Hey guys,
I'm rehashing this thread with hopes on some recommendations for a rear bumper, and wanted to get your opinions on a custom setup I have mocked up. I am by no means an engineer, and if what I've come up with is unsafe or precarious in any way, please don't hold back on telling me so. The last thing I want to do is compromise the structural integrity of my rig. Having said this, I think what I've come up with will work and it will give me an opportunity to do some beginner-level fabrication.
To begin, my goal is to end up with a rear bumper/plate setup with a hitch receiver, while preserving as much of my current departure angle (with just the cross-member and no bumper at all) as possible. I'd like the hitch receiver to be able to take 500 lbs of tongue weight from a hitch basket, and tow a ~1,000 lb jet-ski trailer. I am familiar with the various aftermarket bumpers that place the receiver in the conventional (outside) location relative to the crossmember. From a design and installation perspective, this is the simple way to go. Furthermore, my design below is incompatible with TJ's, and being the relatively rare Jeep it is, manufacturers I think tend to shy-away from making strictly LJ-compatible parts.
With the LJ, however, I have two rear crossmembers: the forward one is what the tank mounts to, and about 4.75 inches behind that sits the rearward one.

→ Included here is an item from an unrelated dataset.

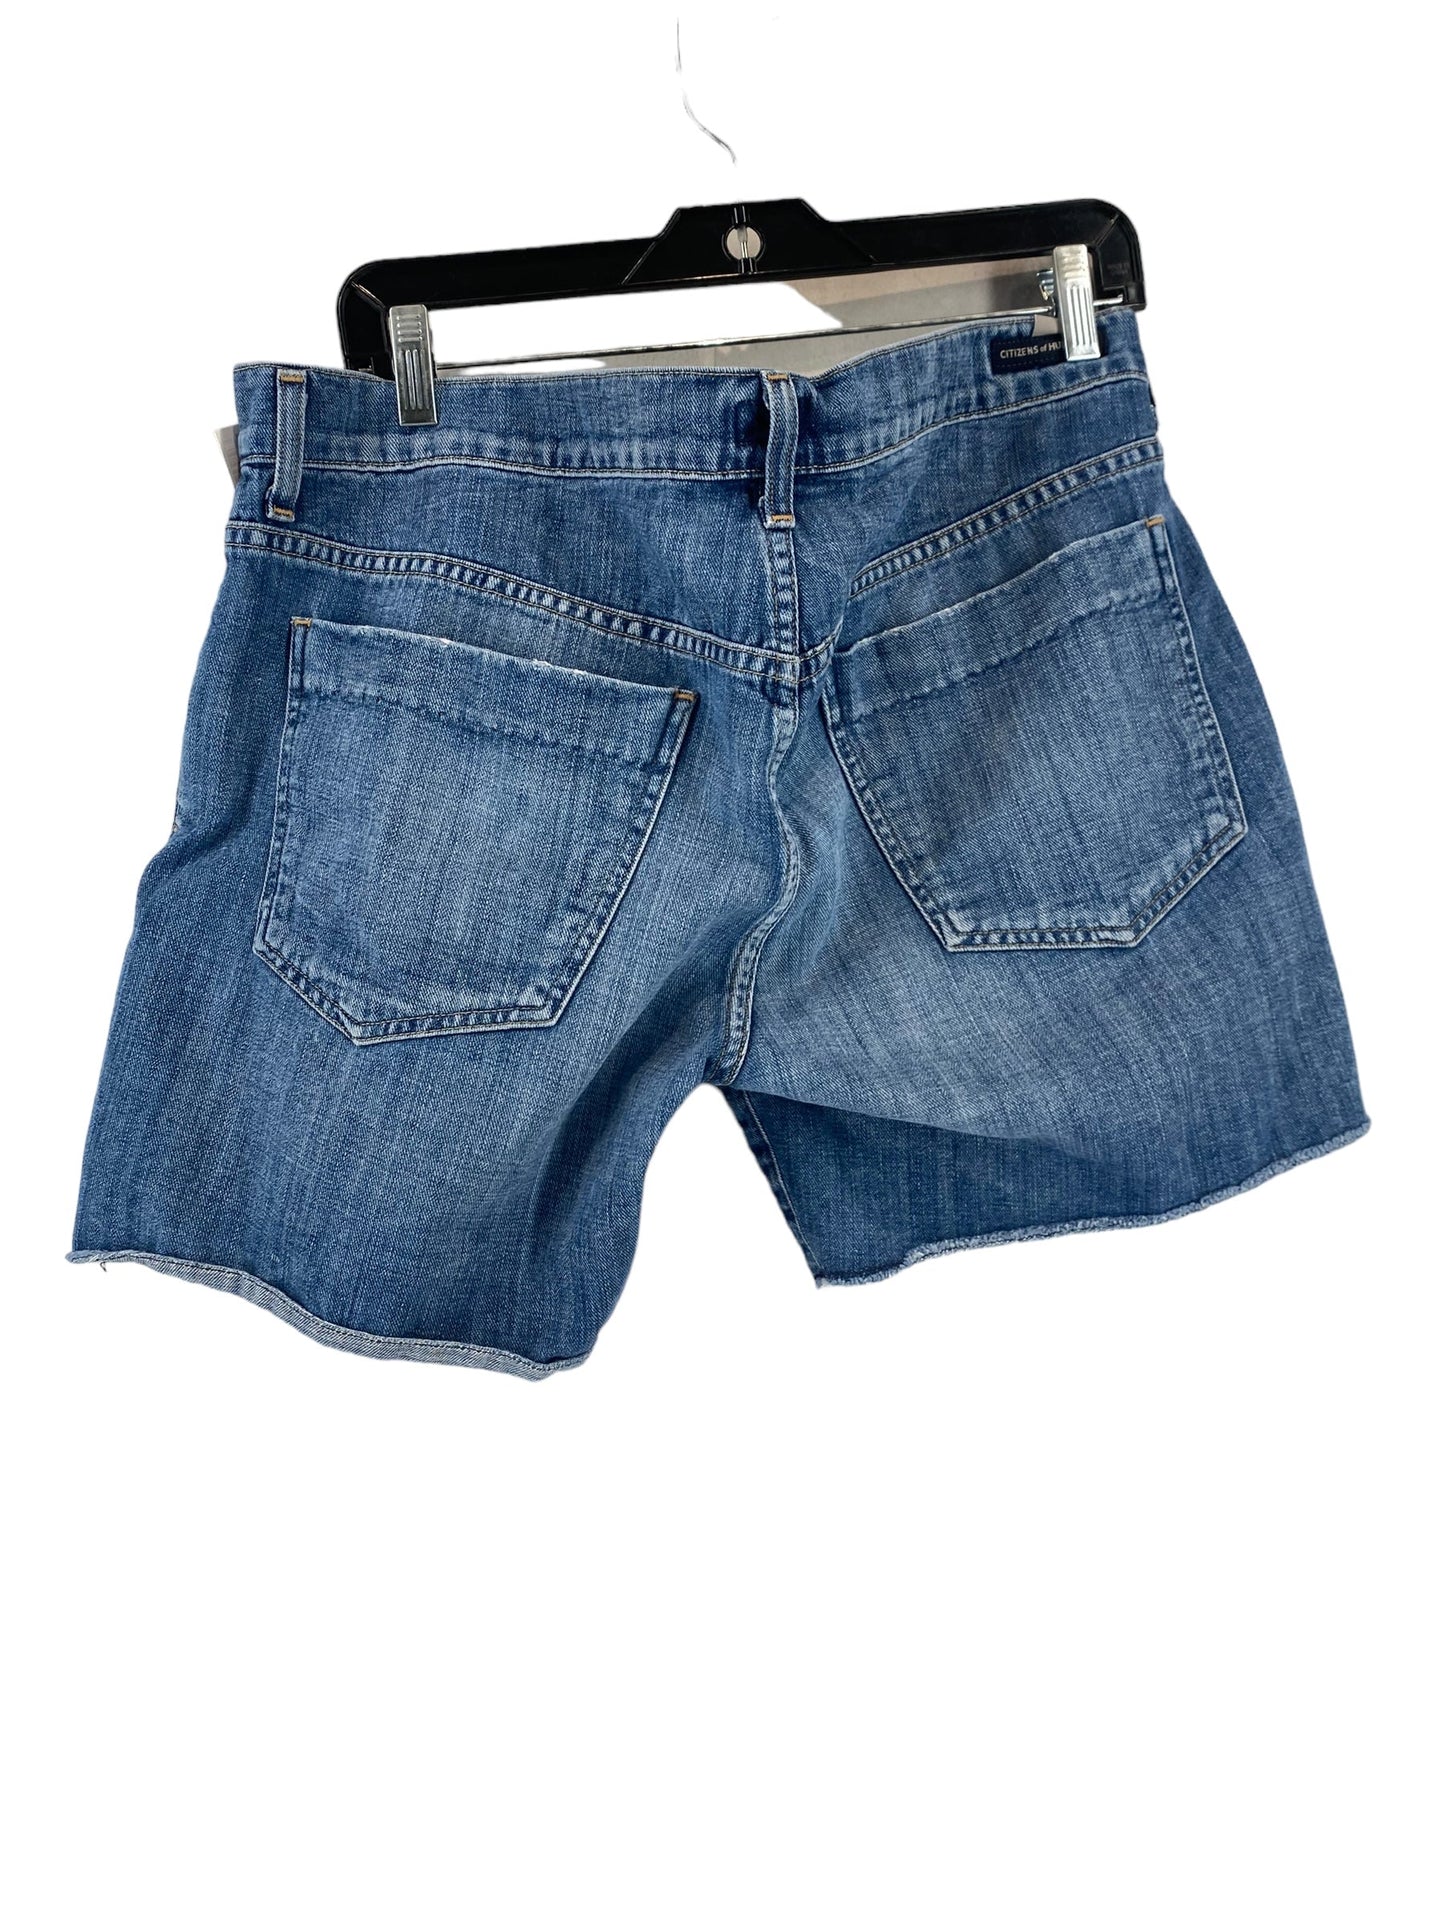 Blue Denim Shorts Clothes Mentor, Size 32
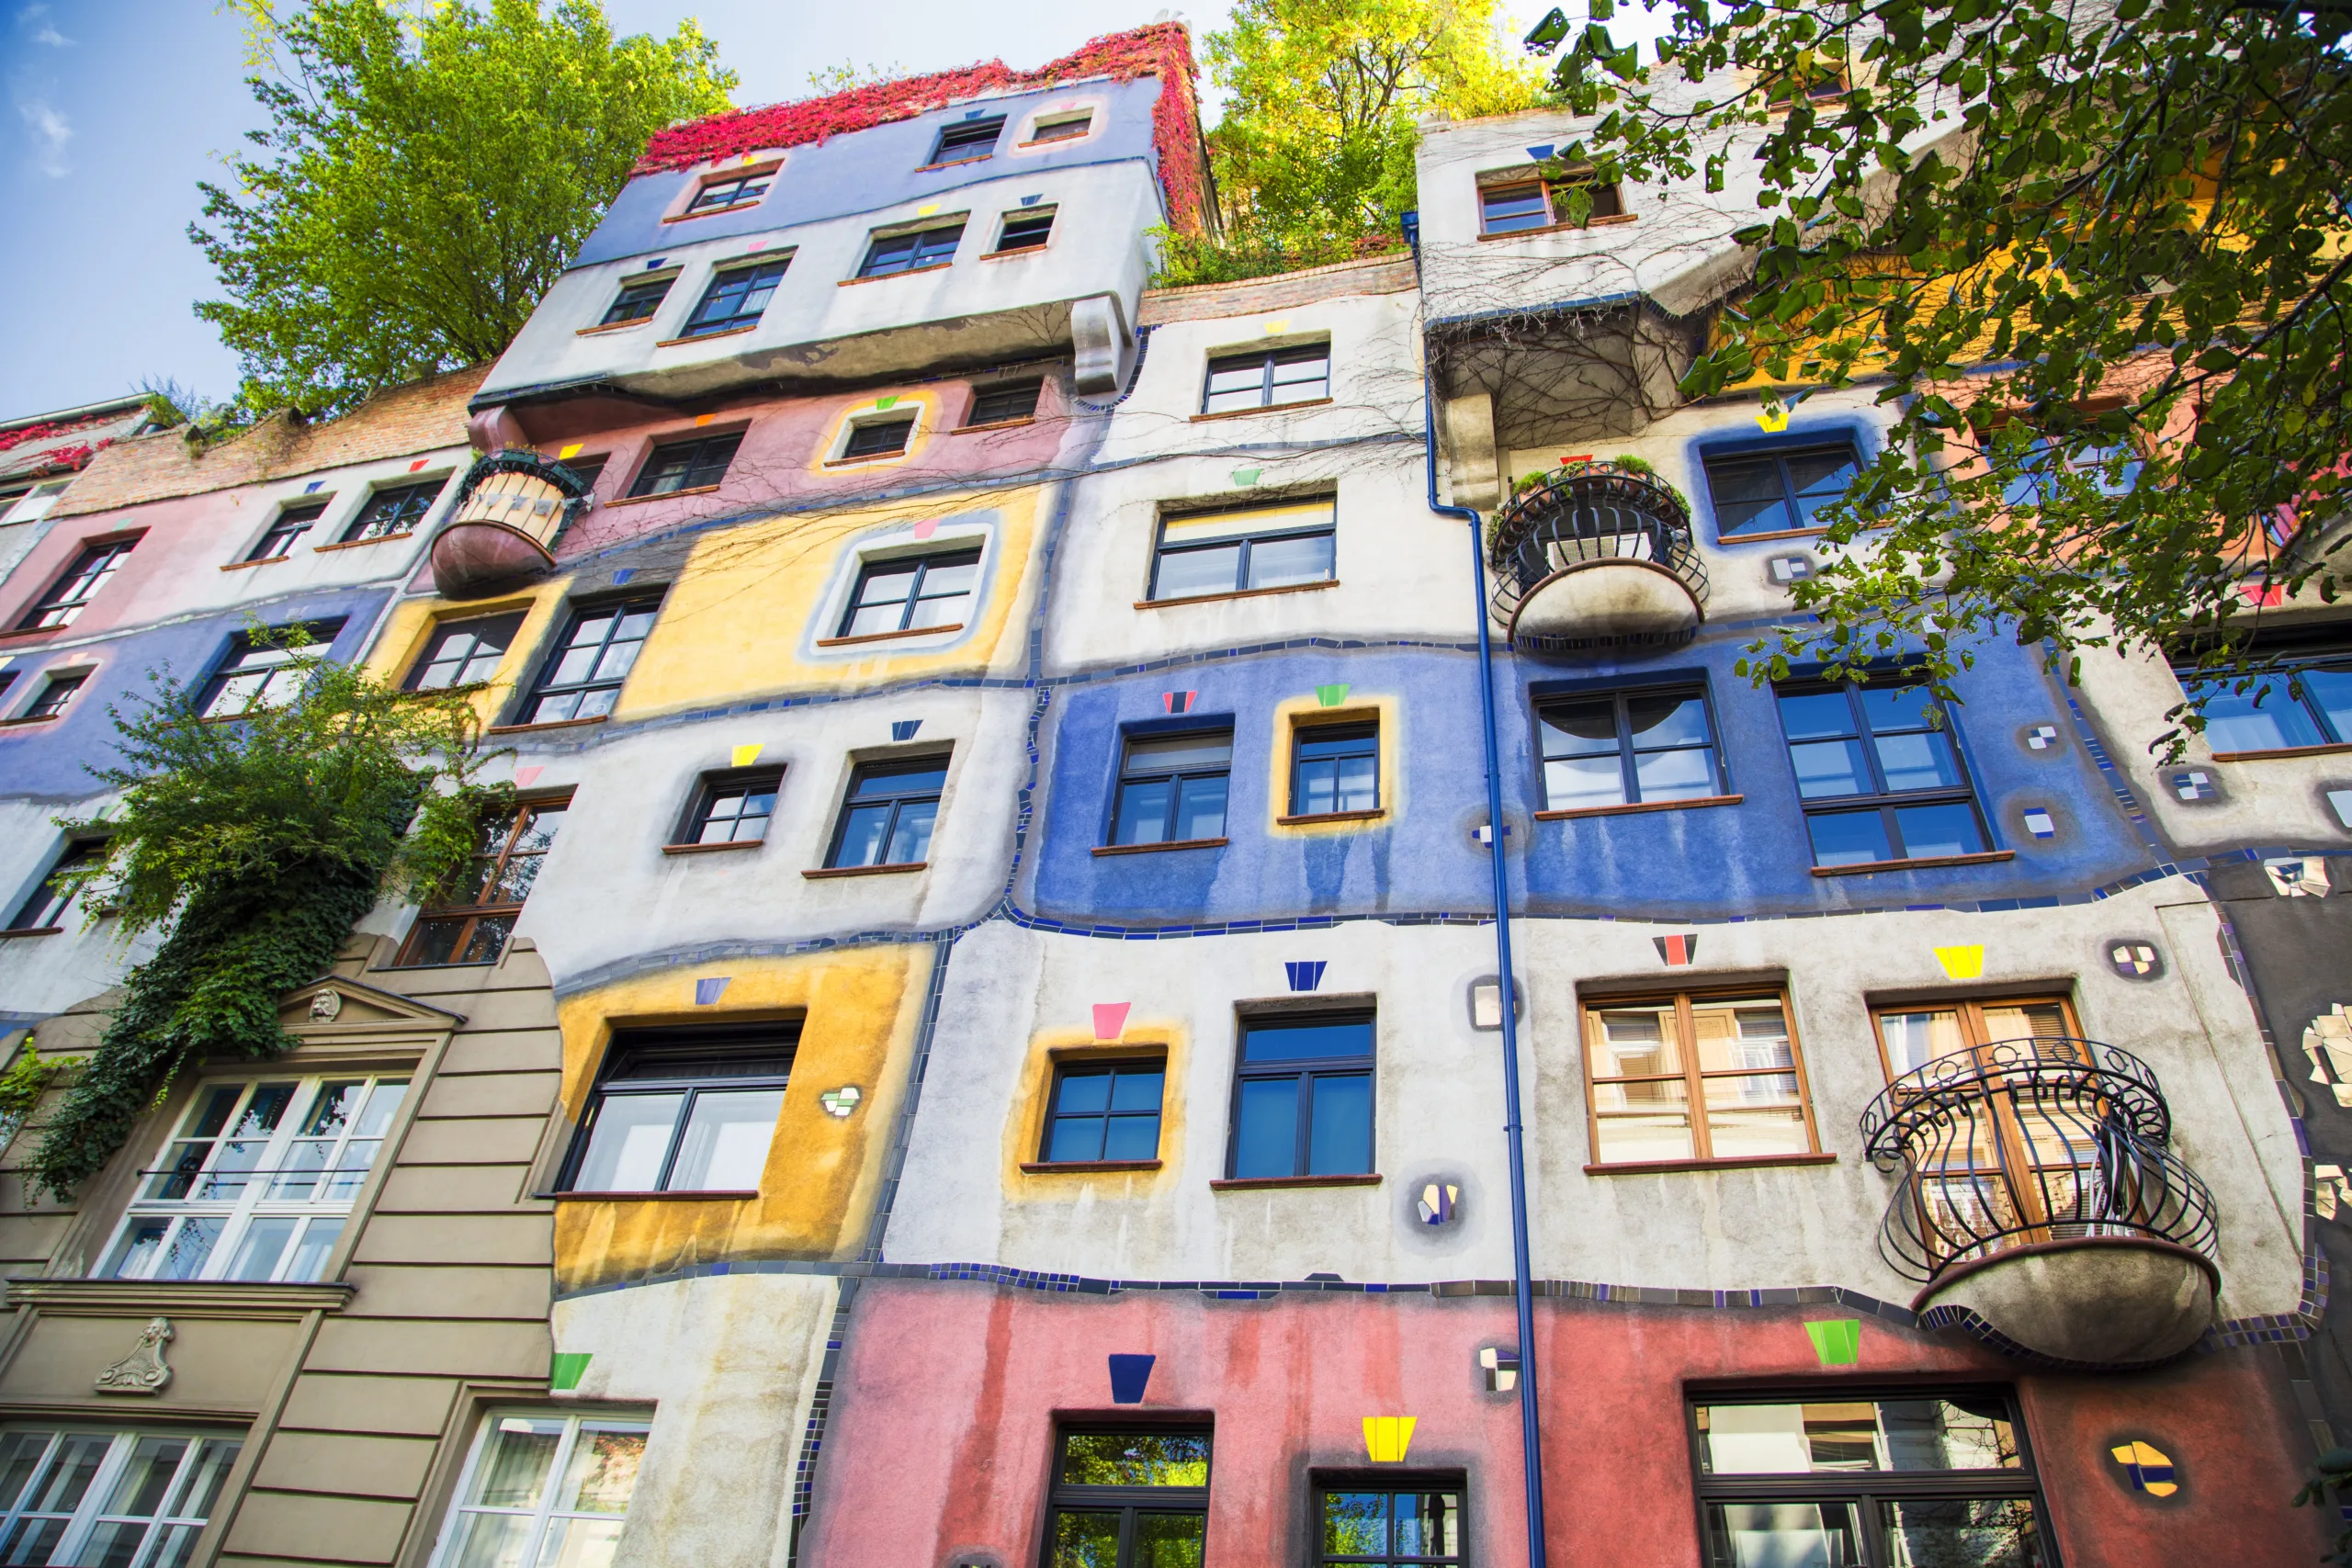 The view of Hundertwasser house in Vienna, Austria

This is what the bumper mounts to, and I'm sure also adds some rigidity to the frame.
My design takes
GenRight's TJ/LJ Rear Bumper Plate with Tow Points and adds a standard hitch receiver on the inside of the plate. I would pick up a generic ~3.5" long receiver shank from a trailer supply store, cut a 2" square hole in the GenRight plate, and weld it on the inside. Additionally, for some added strength, I would gusset it on either side with some 1"x2" square tubing.
To install this, it would require cutting and removing the most rearward crossmember. That said, GenRight's beefy 3/16" plate combined with my gusseting, I think this bumper should be plenty strong enough to handle some serious pulls without the factory crossmember present. Below are some photos of what I'm working with real estate wise, where I would cut the crossmember on either side, and a very-poorly illustrated top-view schematic of the finished product. It is not to scale, but provides a general idea of the design.
If chopping the rear crossmember is a bad idea, I could also simply cut a 2" square hole in it that would accept the bumper's receiver. This would eliminate the ability to gusset it, however.
What do you think...am I crazy or is this doable?